O dado bruto do trabalho persecutório e da produção da suspeita era o
“informe” (notícias, dados, notas de esclarecimento). A partir do “informe”
produzia-se a “informação”, documento que já continha certo nível de processamento dos dados brutos coletados, apontando para possíveis ações repressivas mais diretas.6 Se os informes e as informações tinham a função de
esquadrinhar as atividades potencialmente ou declaradamente “subversivas”
dos artistas ou do seu público, havia um conjunto de documentos voltados
para a vigilância e o controle dos indivíduos considerados “suspeitos”. Basicamente, compunham-se de quatro tipos:7 o levantamento de dados biográficos; as fichas-conceito (levantamento da atuação pública e profissional); o
prontuário (histórico das atividades registradas do “suspeito”) e o juízo-sintético (espécie de parecer do agente sobre o indivíduo).
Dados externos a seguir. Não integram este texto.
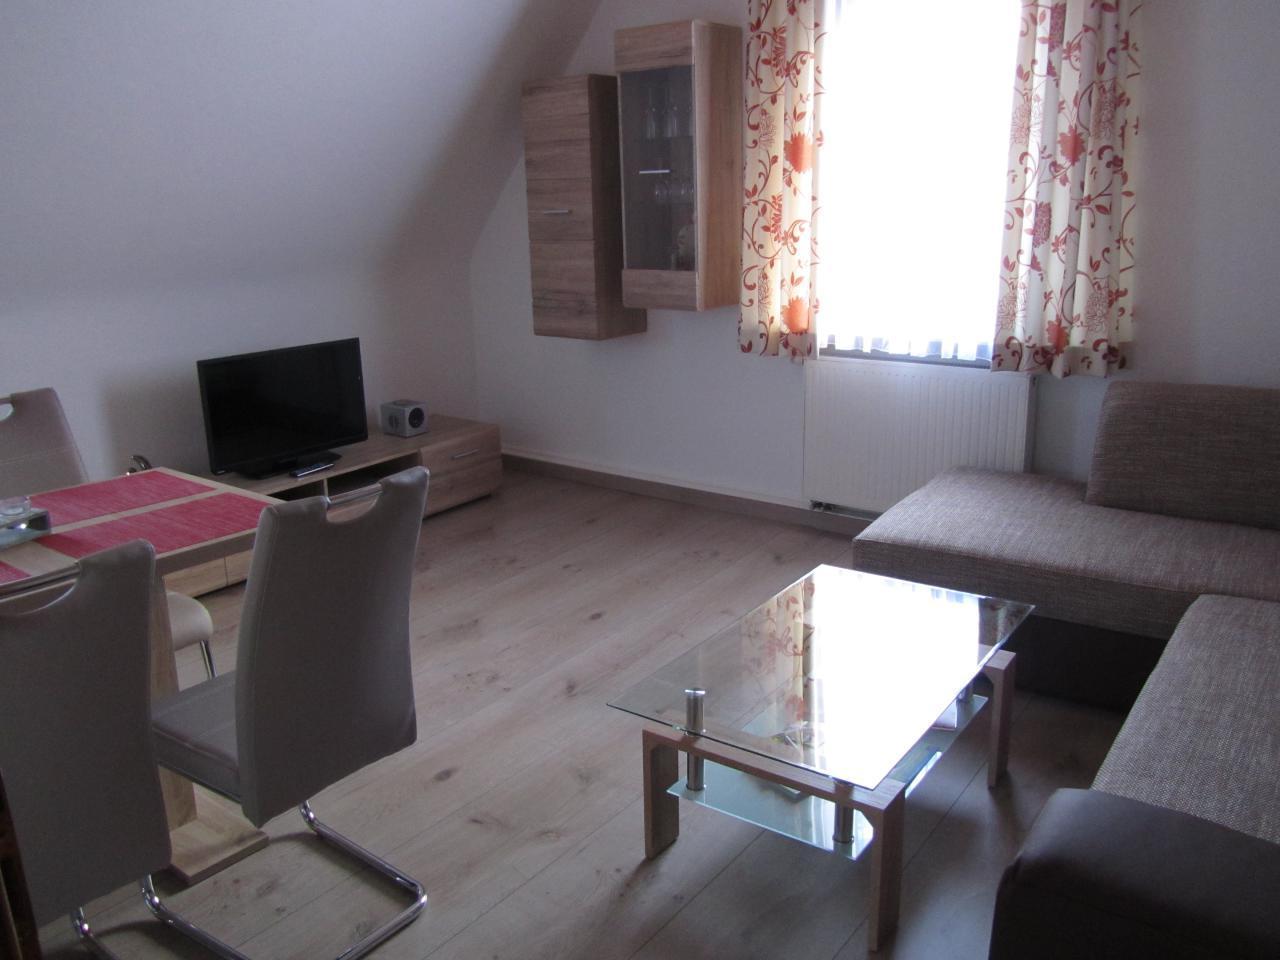 Ferienwohnung Appartementhaus Wiesengrund -Fewo3 (402594), Baiersbronn, Schwarzwald, Baden-Württemberg, Deutschland, Bild 4

Esse conjunto de documentos tinha a clara função de peças acusatórias, em eventuais processos
ou punições mais direcionadas, prontos para serem acionados a qualquer momento. Em muitos casos, os informes e informações não eram monopolizados por um único órgão de informação, sendo freqüente o intercâmbio de
documentos entre os diversos órgãos do sistema.
Todas as ações e declarações que se chocassem contra a moral dominante, a ordem política vigente, ou que escapassem aos padrões de comportamento da moral conservadora, eram vistos como suspeitos. No caso da música, o
conteúdo das letras cantadas, a performance e as eventuais declarações que o
artista proferisse durante os seus shows, também poderiam agravar o seu “perfil suspeito”, ganhando destaque nas anotações dos agentes da repressão política. Além de registrar palavras e atitudes, os textos revelam as inferências dos
agentes, no sentido de apontar a existência de uma conspiração perpétua, orquestrada por grupos políticos “subversivos” que se serviam do campo da cultura para iniciar a “guerra psicológica”. Uma simples observação, contida num
registro sobre as atividades do suspeito, poderia tornar-se mais destacada em
futuros relatórios produzidos pelos organismos, numa técnica de reiteração
crescente que agravava o grau de suspeição sobre os vigiados.8
Curiosamente, os agentes politizavam muito mais o campo da MPB, aumentando o grau de suas efetivas e orgânicas articulações político-partidárias. Por exemplo, lê-se num informe produzido em 1968 que o campo da
música popular
vem se constituindo num dos principais meios de cisão psicológica sobre o público, desenvolvida por um grupo de cantores e compositores de orientação filo-comunista, atuando em franca atividade nos meios culturais. Dentre os principais agentes desse grupo se destacam: FRANCISCO BUARQUE DE HOLANDA,
EDU LOBO, NARA LEÃO, GERALDO VANDRÉ, GILBERTO GIL, CAETANO VELOSO, MARILIA MEDALHA, VINÍCIUS DE MORAES, SIDNEY MULLER, GUTEMBERG, “MILTONS” [sic] NASCIMENTO, etc.
Afora os Festivais das canções, onde “predominam” [sic] a música denominada jovem, transformando-se em clima do não conformismo, da crítica e agressividade às instituições, para dominar o público mostrando-lhe sua coragem, sua
arte sem condicionamentos, indiferentes aos gritos dos “reacionários”.